What you need to do: Since the listing below shows pictures, leave them out and write out exactly the lines from the line with "El proyecto AECETIA" to the line with "Izvoz: Med državami zunaj EU prva Rusija", both included, and no others.

Raw data:
[Start of Attachment]

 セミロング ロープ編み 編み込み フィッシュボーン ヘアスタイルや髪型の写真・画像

[End of Attachment]
[Start of Attachment]

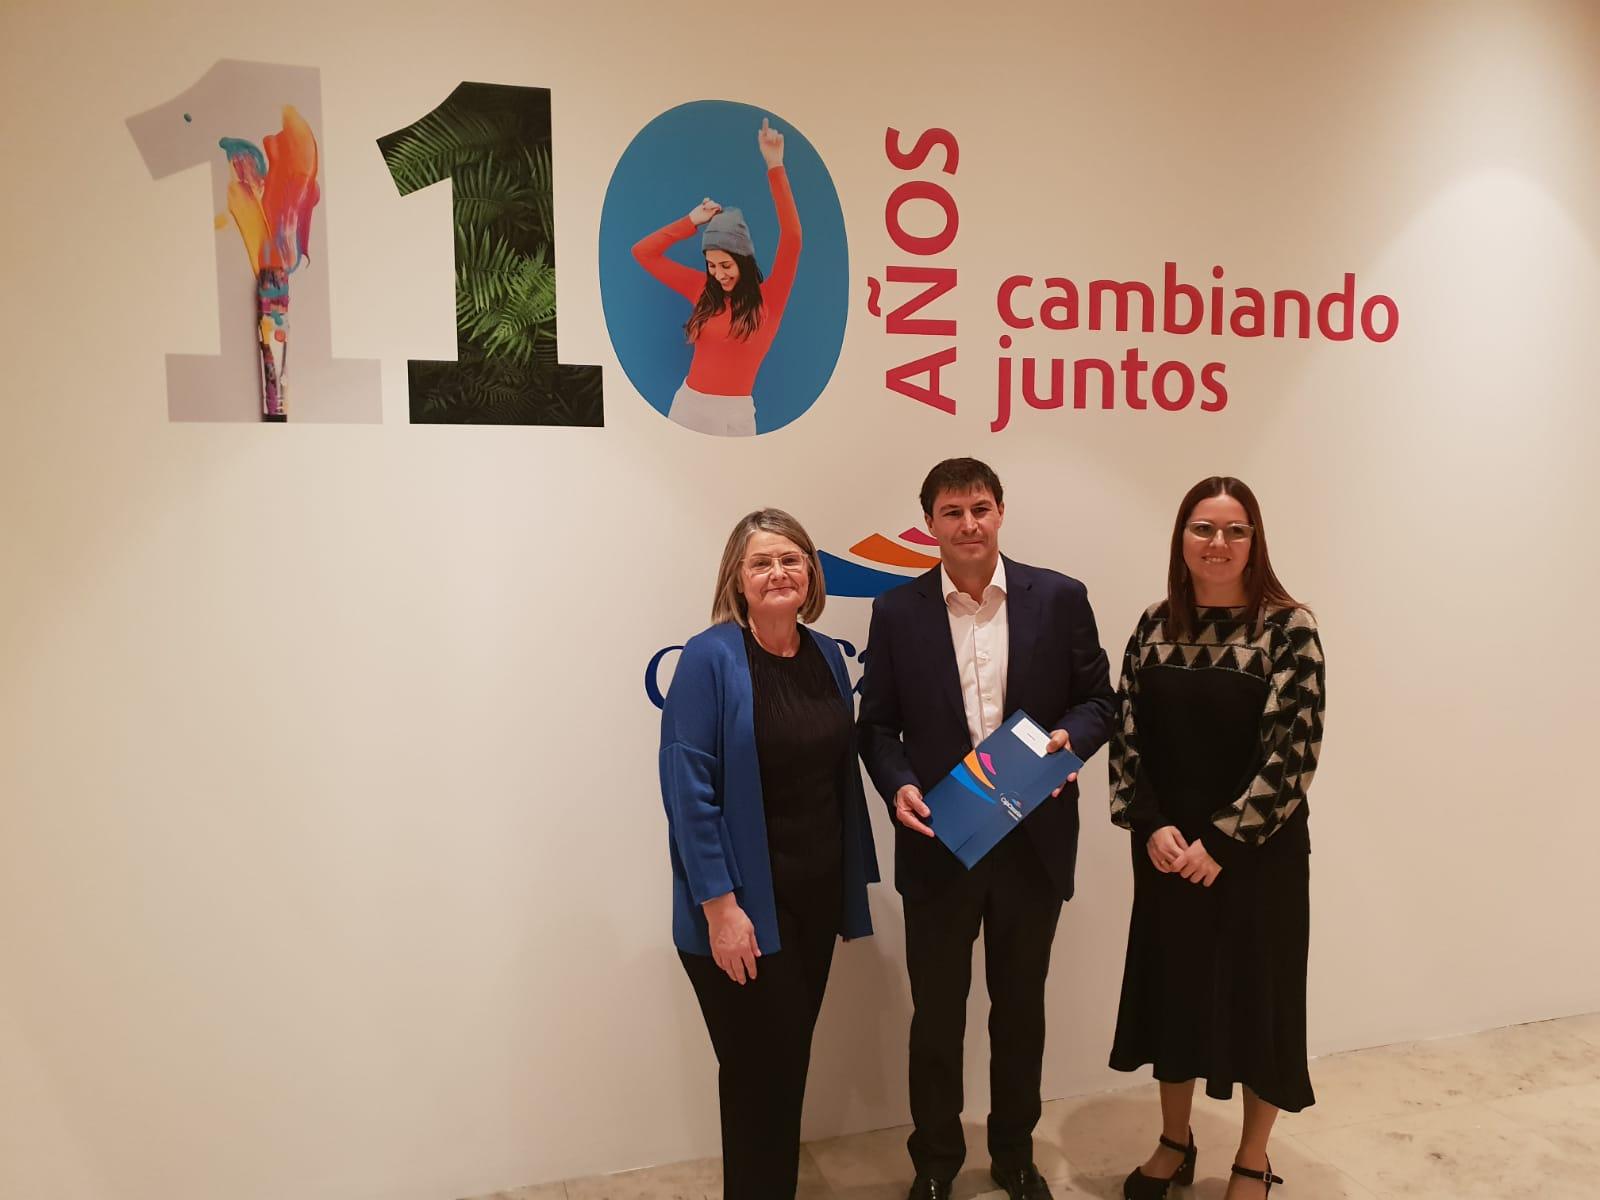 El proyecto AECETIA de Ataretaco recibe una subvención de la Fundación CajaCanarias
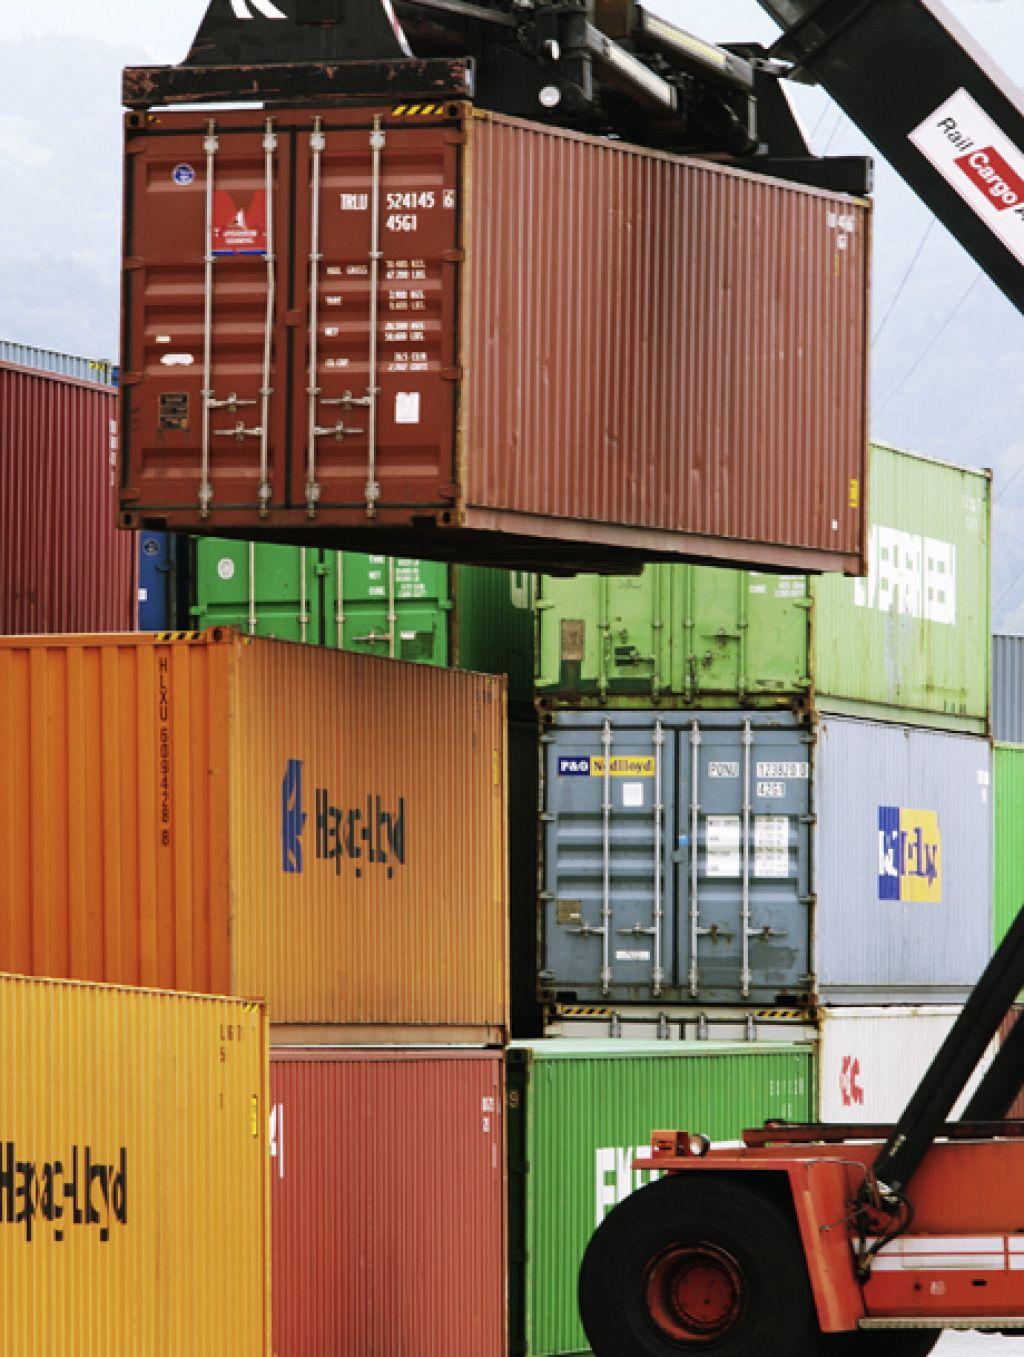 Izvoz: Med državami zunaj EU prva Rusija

[End of Attachment]
[Start of Attachment]

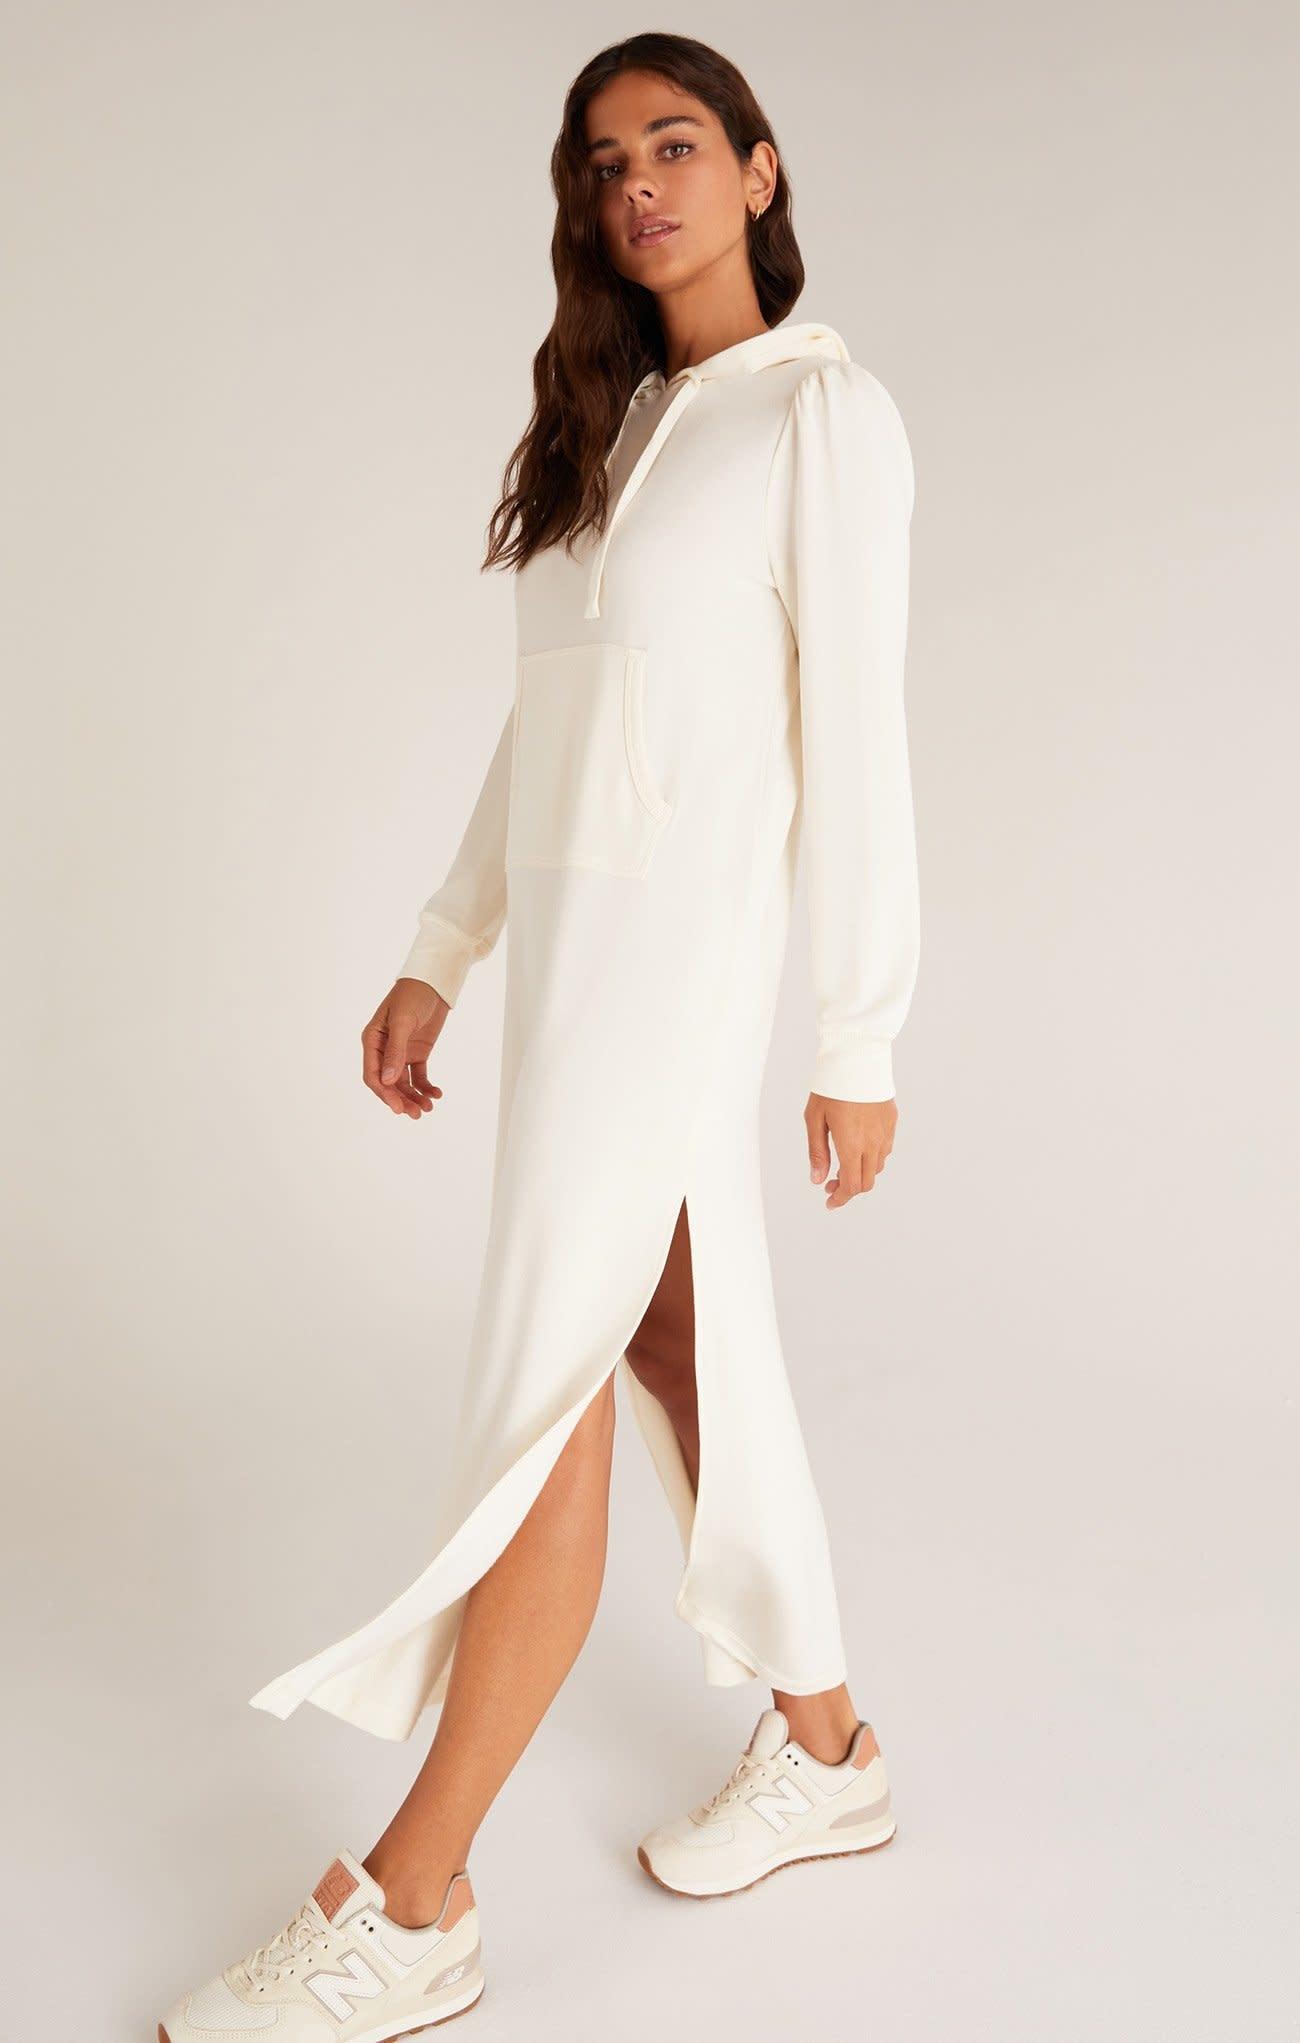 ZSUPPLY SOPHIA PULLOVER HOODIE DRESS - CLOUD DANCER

[End of Attachment]

Written reply:
 El proyecto AECETIA de Ataretaco recibe una subvención de la Fundación CajaCanarias
 Izvoz: Med državami zunaj EU prva Rusija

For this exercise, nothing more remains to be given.